LIC or Life Insurance Corporation of India is a public sector company that deals with a number of insurance products to meet the insurance demands of different types of customers.
As the income of an individual increases every year, the required amount to be paid as tax also increases alongside. Hence, tax planning plays a tremendously important role to help in saving this well-deserved income to the furthest possible extent.
In the following section, you will get to know more about the various tax benefits applicable to the policies availed from LIC.
Tax Benefits under Section 80C
- Get a deduction of up to 20% of the assured capital amount on paying premium upon the policies availed from LIC on or before 31.03.2012 .
- Get a deduction of up to 10% of the assured capital amount on paying premium for the policies availed form LIC after 01.04.2012.
- Payment generated towards a deferred annuity plan initiated for either self, spouse, or child is liable to receive tax deduction but only if the policy does not offer cash to its customers against the annuity plan.
Tax Benefits under Section 80CCC
- Section 80CCC provides exemption on tax to clients paying their premium from their taxable income aimed at any annuity plan that is likely to pay pension later on.
- The pension should be generated by the policy from the collected funds and this is true as per the terms of section 10 (23AAB).
- In case a policy holder receives interests or bonuses accrued from the policy, the amount would not be eligible for receiving any tax exemptions.
- In a fiscal year, the maximum limit allowed for tax deduction on LIC policy premiums is Rs. 1.5 lakh.
- The accrued bonuses and interests from any policy are liable to be taxed as they will be considered as income generated during the previous year.
- In case of any surrendered amount of the annuity plan, either partly or wholly, the same will be considered as income and accordingly taxed under section 80CCC
- Tax deductions are not applicable on the money that is deposited before 01.04.2006 under section 80C
Tax Benefits under Section 80D and 80DD
Almost all tax benefits related to health insurance fall under the purview of Section 80D of the Income Tax Act.

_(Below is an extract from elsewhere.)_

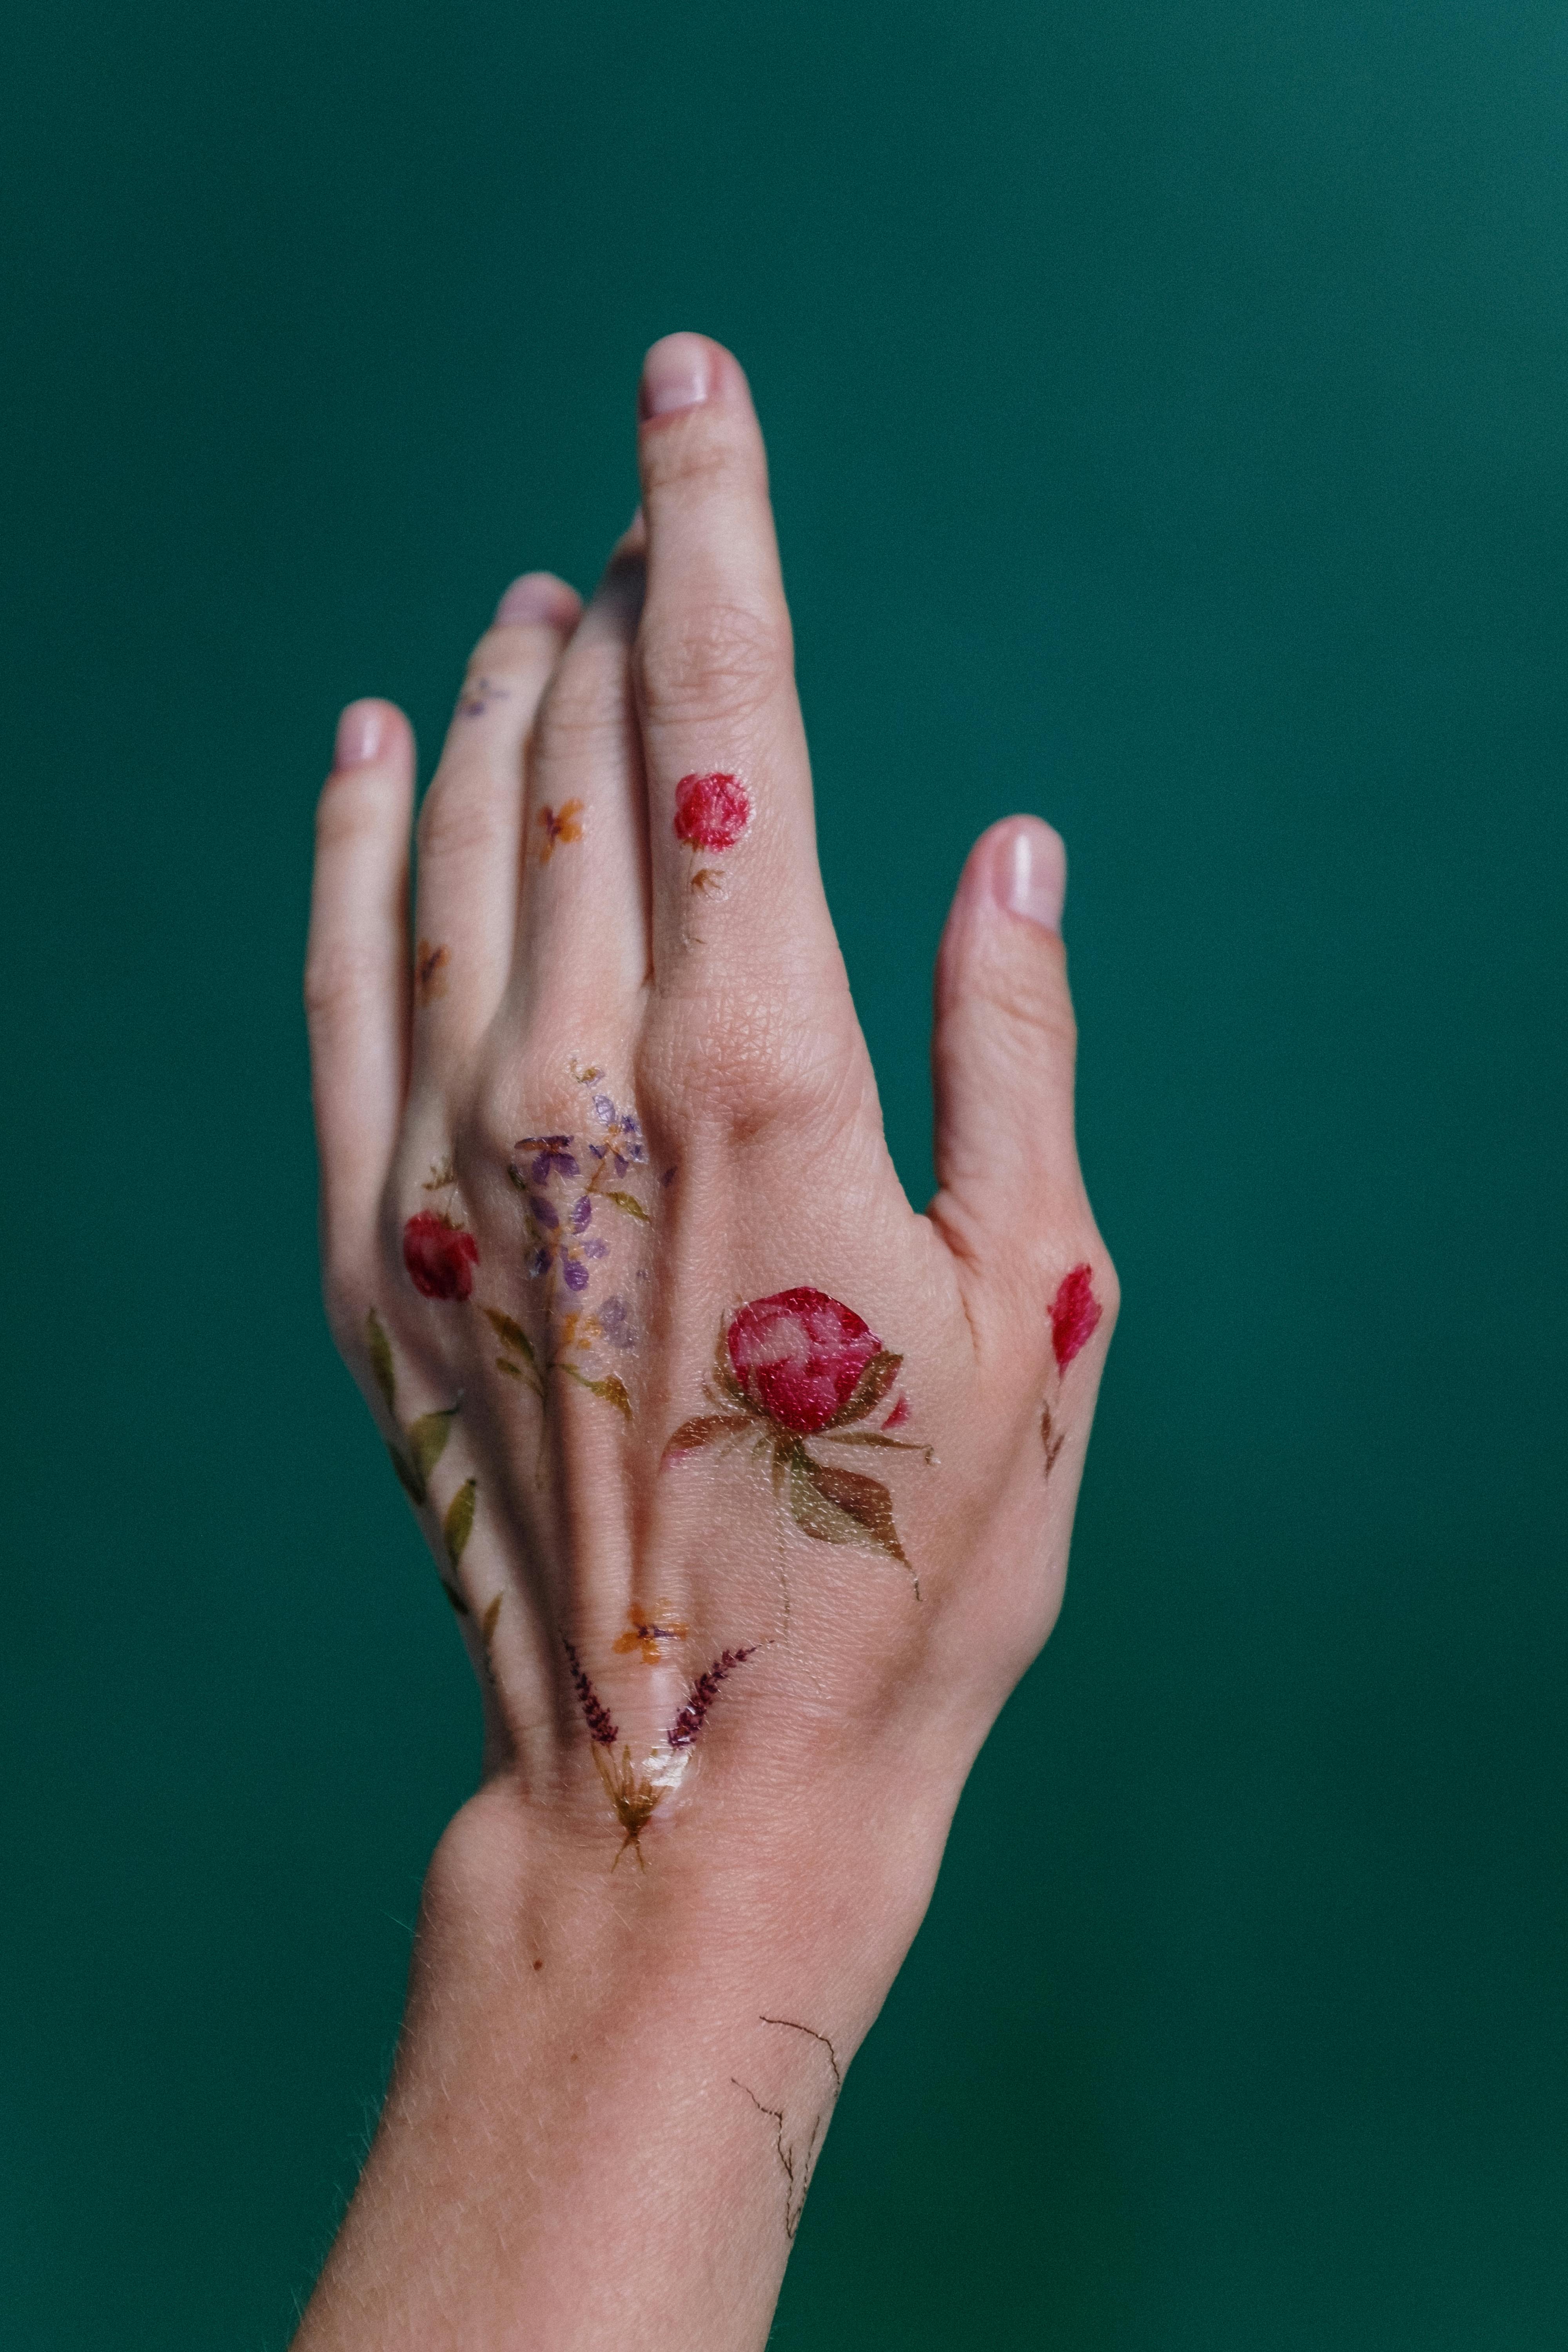 Daffodil and Marigold Small Tattoo | Finger tattoos, Hand and finger tattoos,  Flower finger tattoos

The Section 80DD comes under the roof of section 80D and looks after the tax exemptions of any person who has generated the policy for maintaining a handicapped individual. The deduction limit is set at Rs. 50000 and in case of severe disability of the handicapped individual; the limit is enhanced up to Rs. 100000. An example of this type of insurance policy is the Jeevan Aadhar plan.
Tax Benefits under Section 10 (10D)
- In case a policyholder receives any death claim or maturity benefits, the holder becomes eligible for receiving tax exemption under section 10 (10D) of the Income Tax Act.
- Tax exemption of up to 20% of the assured sum is applicable for policies generated on or after 01.04.2013.
- Tax exemption of up to 10% of the assured sum is applicable for policies generated on or after 01.04.2012.
- The policies should be issued for protecting a person who is suffering from extreme disability as referred under section 80U, or is suffering from an ailment under section 80DDB
One essential point to be kept in mind is that the maximum amount allowed for tax deduction is Rs. 150000 and this is applicable for all the financial products exempted from tax; especially those that are counted under section 80C as well.
In a nutshell, it is very important to plan out the tax component of LIC policies; make sure you do so at the earliest.